The optical tweezers community realised the potential of this approach early---the first example being the work of Reicherter and Haist at the University of Stuttgart in 2005. As the power of graphics cards has increased and toolkits such as CUDA and OpenCL have made them more accessible, a number of implementations have been made freely available, for example from the groups of Goksör (Gothenburg), Di Leonardo (Rome) and Padgett (Glasgow).
Lanigan and co-workers have used this technology not with the conventional nematic liquid crystal micro display, but with a ferroelectric display. This has a much faster response time (tens of microseconds rather than tens of milliseconds) but displays only binary holograms. However, displaying these binary holograms in rapid succession allows them to multiplex up to 24 beams to create a number of independent optical traps---without using the more complicated multi-trap patterns found in holographic optical tweezers. The combination of ferroelectric micro displays and GPU acceleration is a good one, and it has the potential to be very fast.

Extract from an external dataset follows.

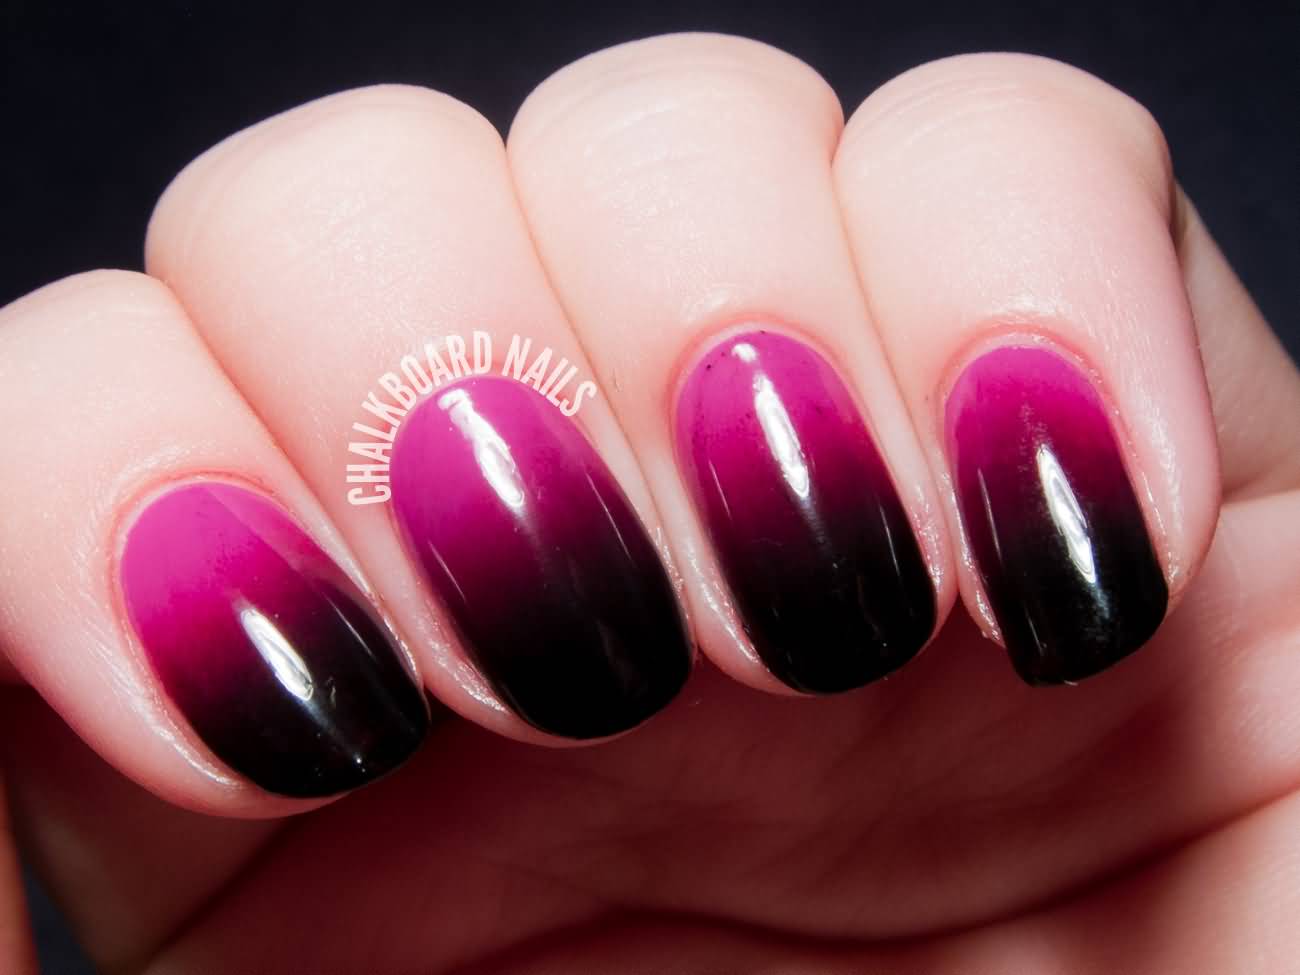 2. "Black and Pink Ombre Nail Art" - wide 1

The downside of binary ferroelectric modulators is their efficiency: while a microdisplay optimised for the laser wavelength used would help, the theoretical maximum for a binary grating is less than half (as first and minus first orders have identical power).
As with conventional holographic tweezers, to make this system user friendly the graphics card processing was coupled to user-friendly LabVIEW interface. The aim here is to make the system more accessible to non-specialists, indeed the interdisciplinary author list of this paper is evidence of the system escaping the confines of an optics laboratory.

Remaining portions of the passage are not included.